Dataset section section start

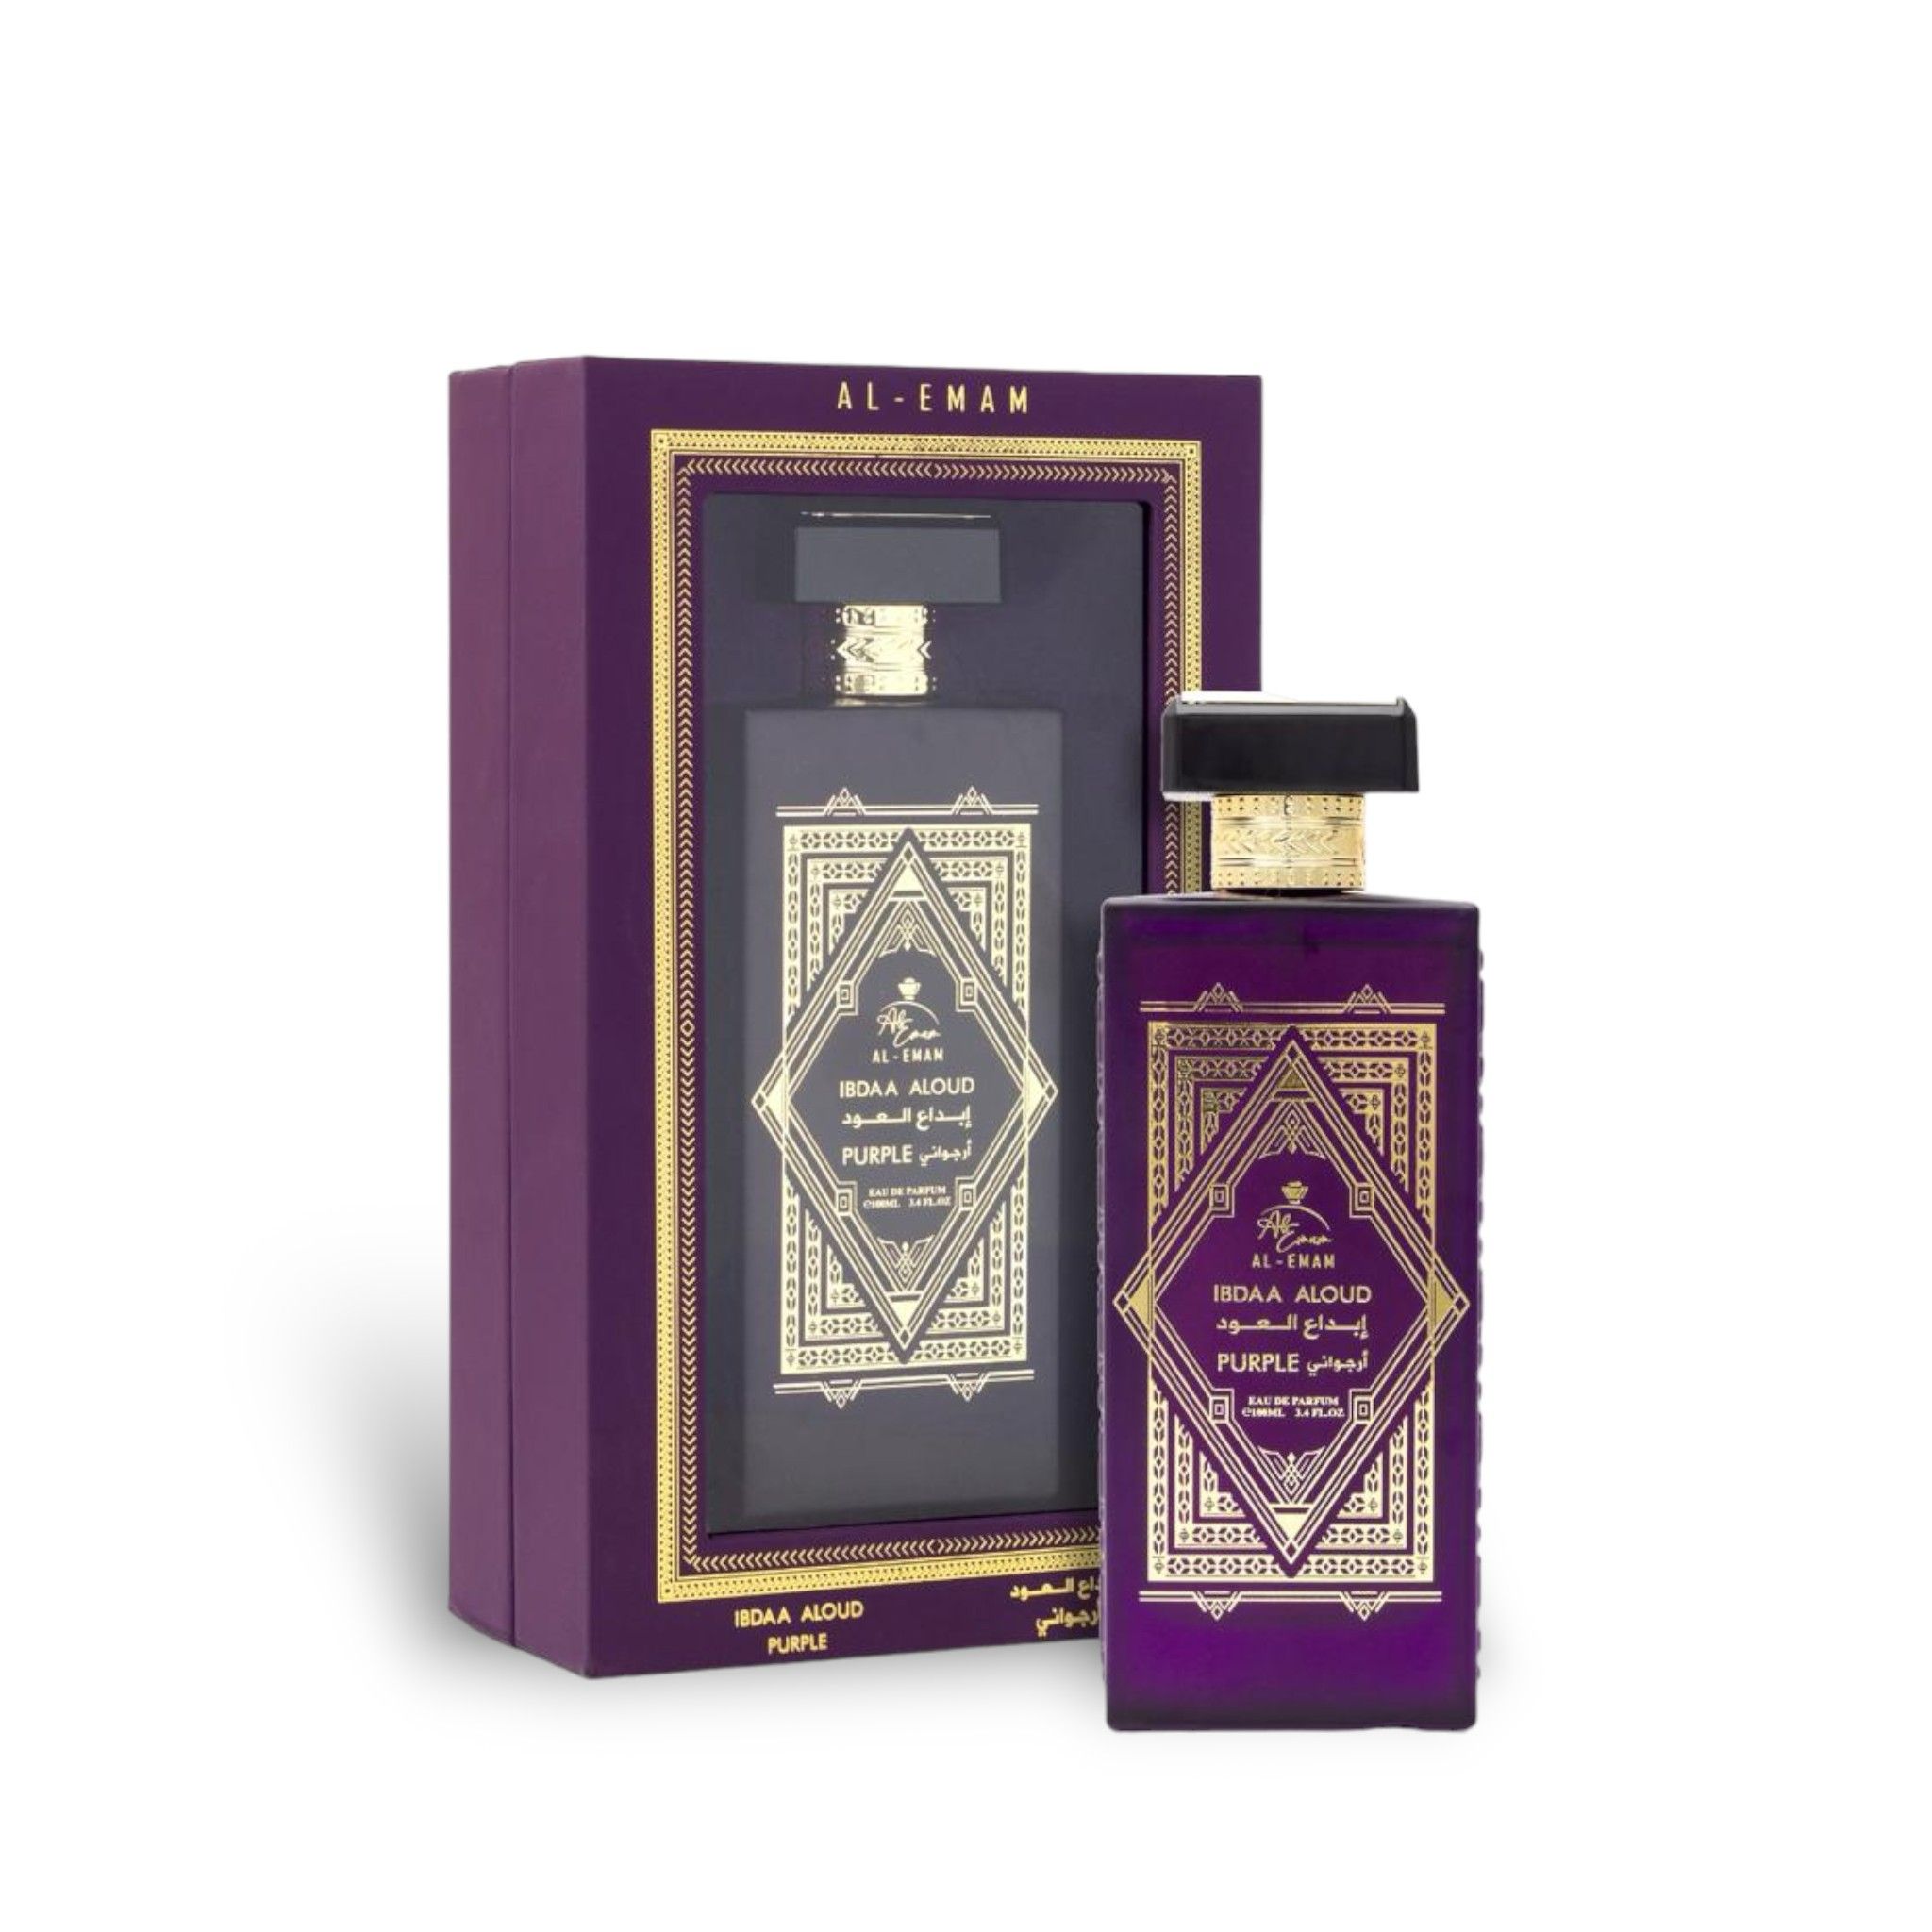 Ibdaa Aloud Purple Perfume Eau De Parfum 100Ml By Al-Emam
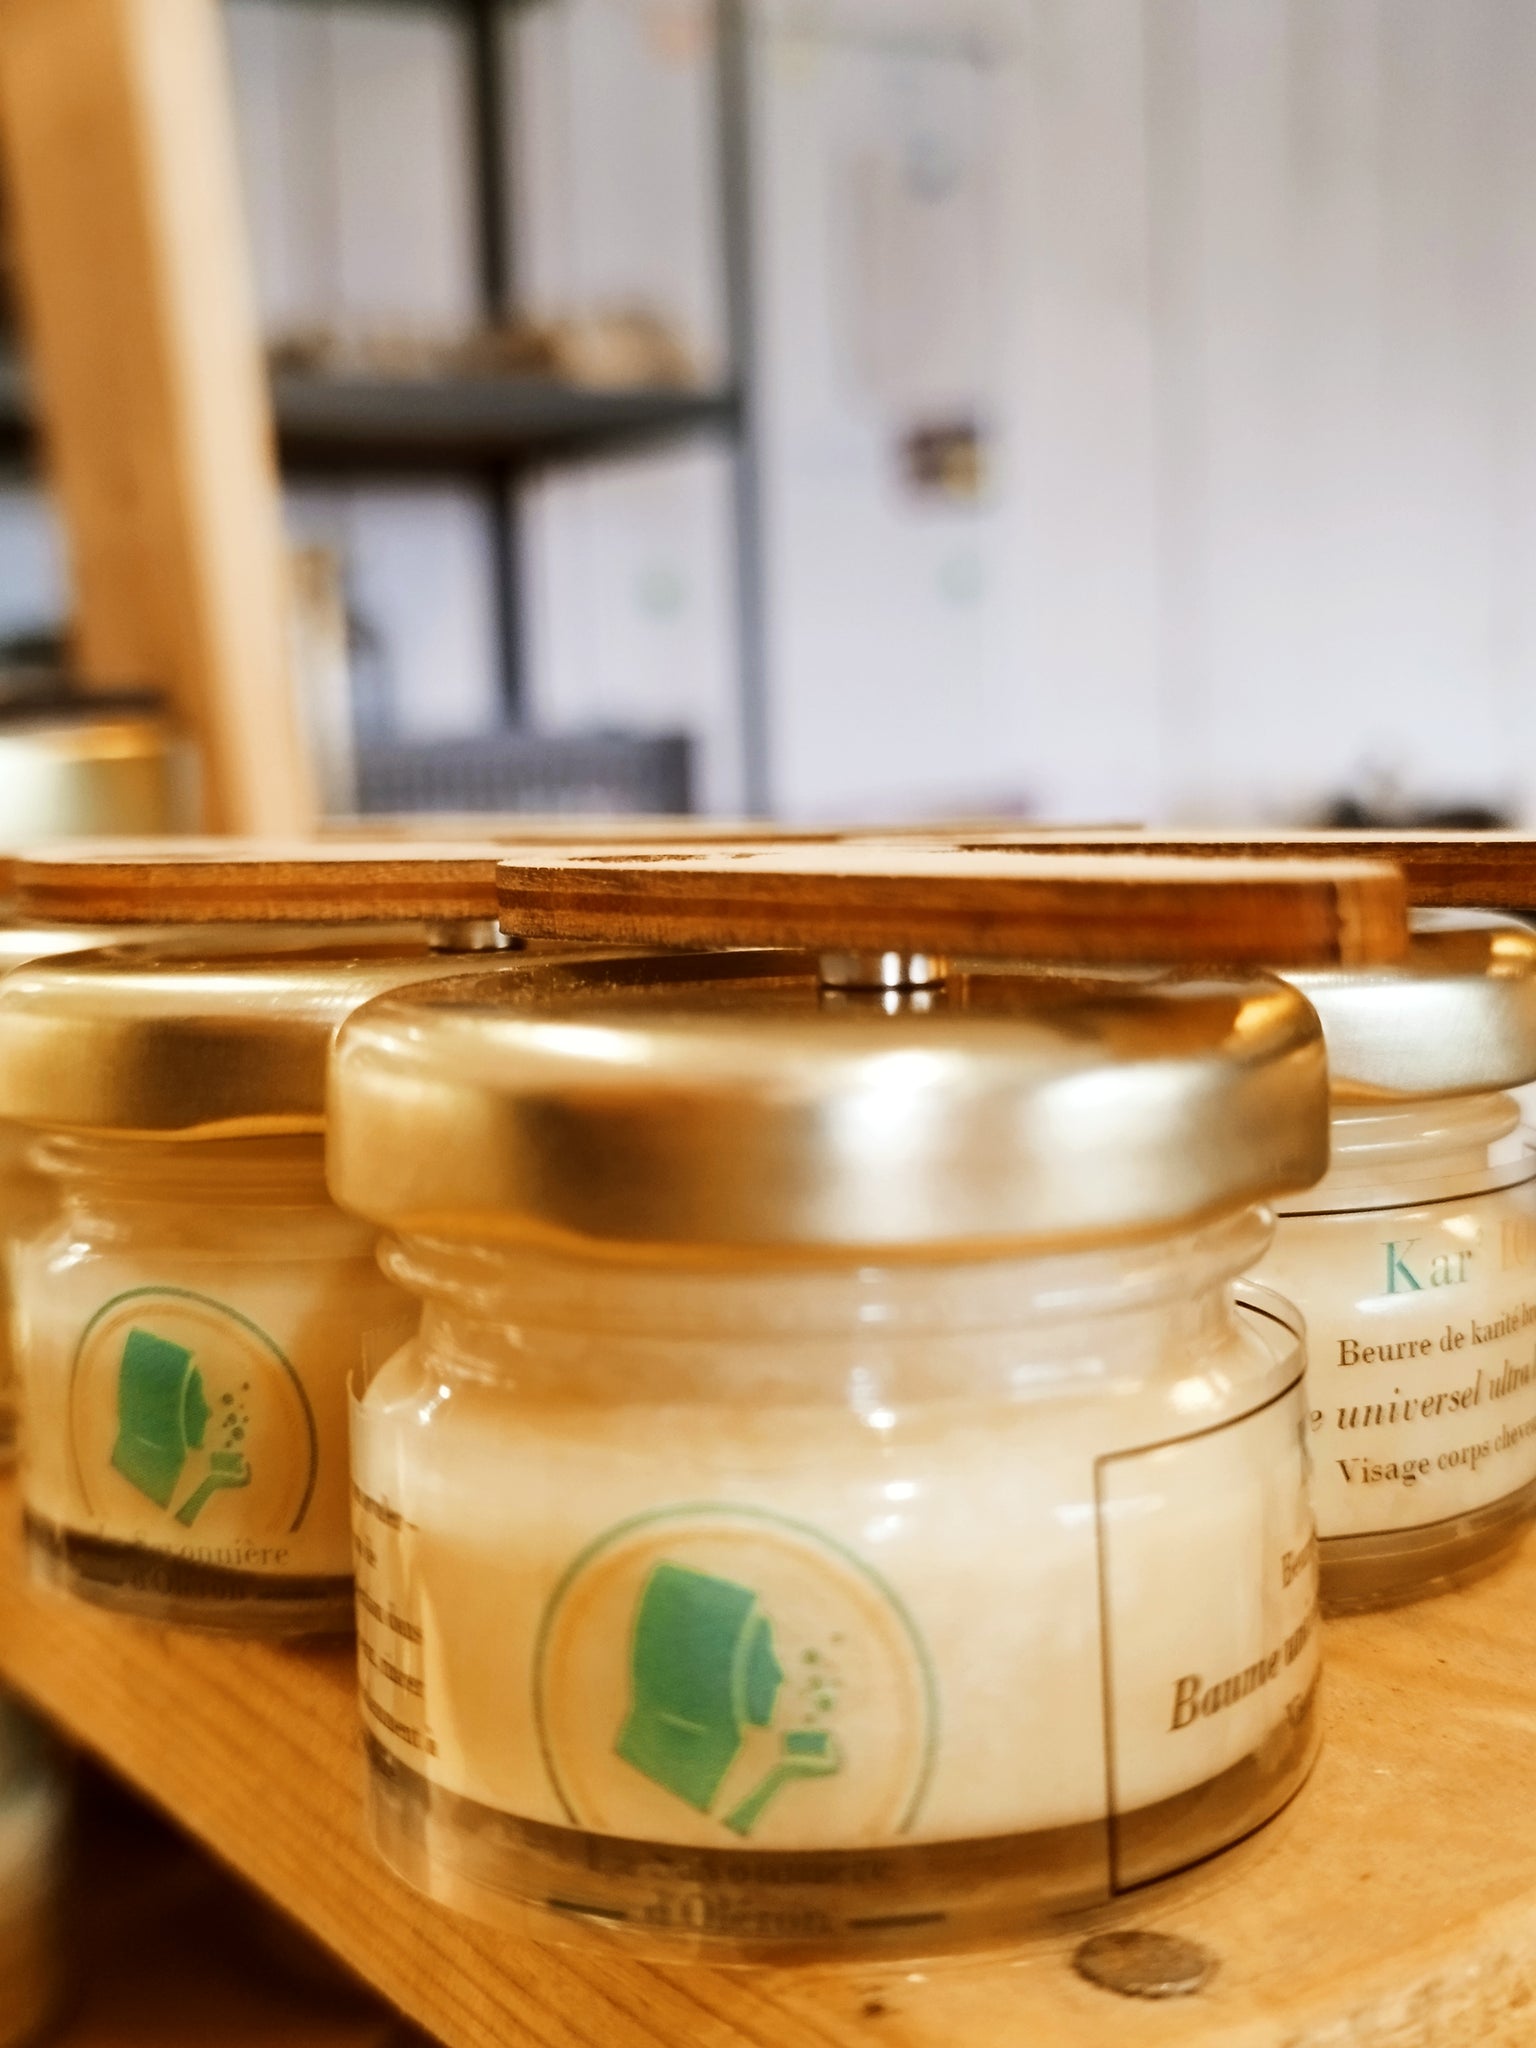 Beurre de karité désodorisé - 100% pur et naturel - équitable & bio
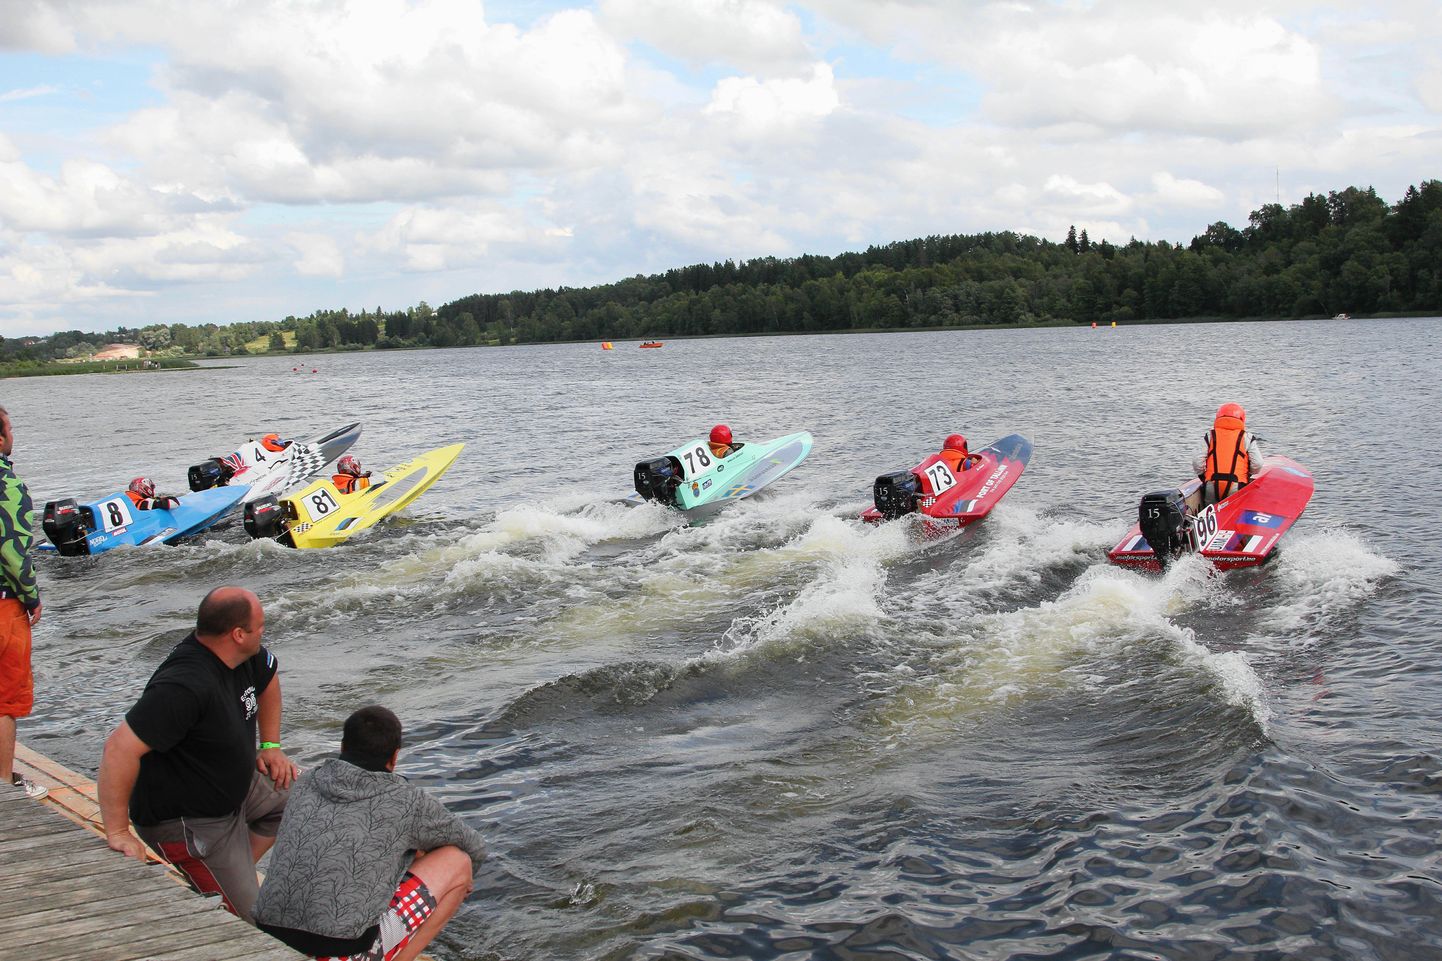 Pildil nädalavahetusel toimunud veemotospordi võistlus Viljandi järvel.
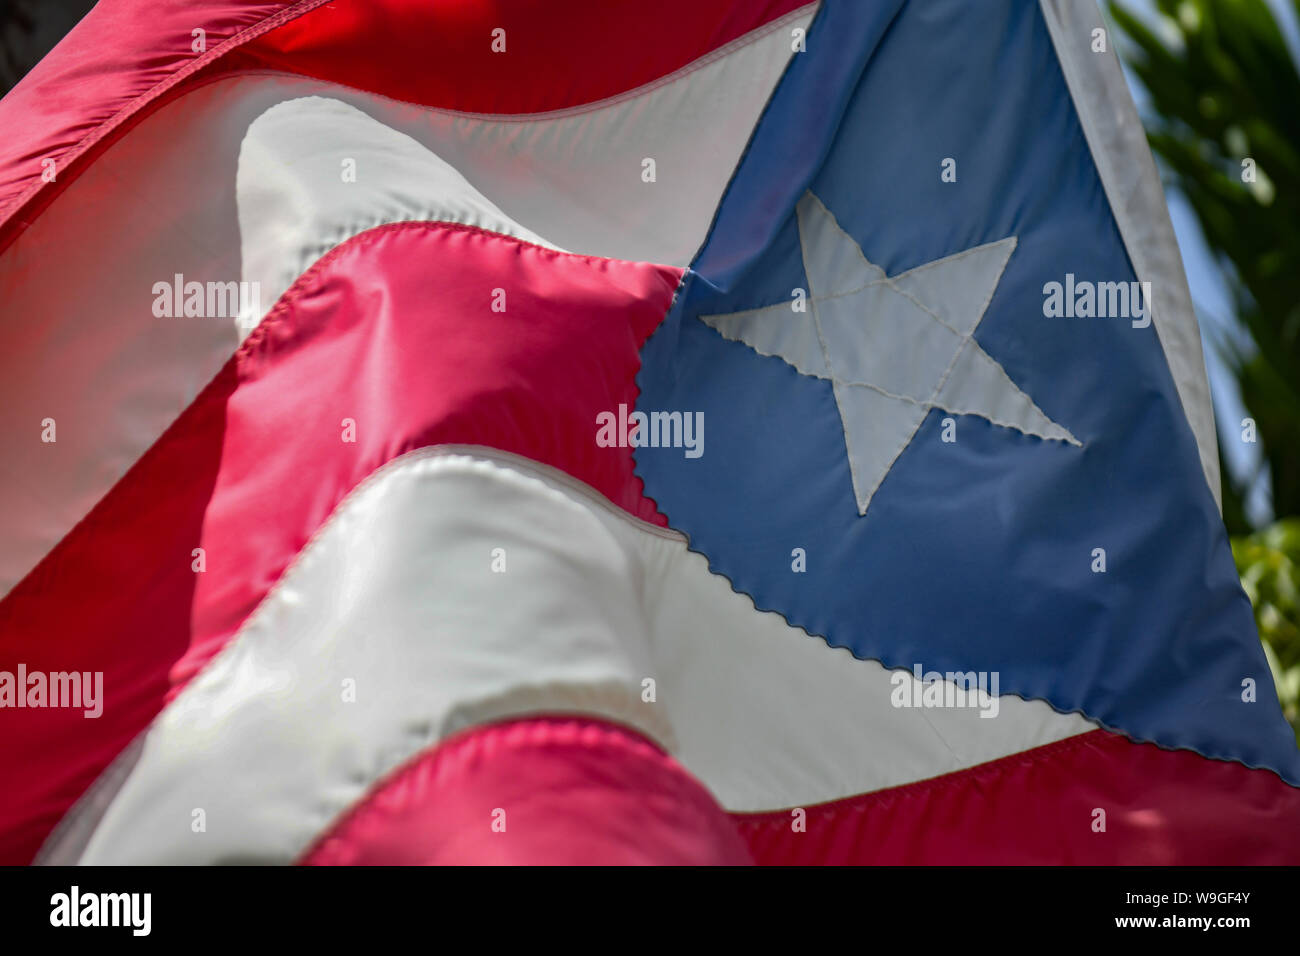 Puerto Rico ein tattered Puerto Rican flag fliegt in der Altstadt von San Juan Puerto Rico - eine zerrissene Puerto Rico Flagge Klappen in der Brise Stockfoto

Dataset section section end

[What the task requires]
Starting with the first line of the material above and ending with the line that holds "Pildil nädalavahetusel toimunud", write out those lines exactly, without pictures.

[Response]
 Ibdaa Aloud Purple Perfume Eau De Parfum 100Ml By Al-Emam
 Beurre de karité désodorisé - 100% pur et naturel - équitable & bio
 Pildil nädalavahetusel toimunud veemotospordi võistlus Viljandi järvel.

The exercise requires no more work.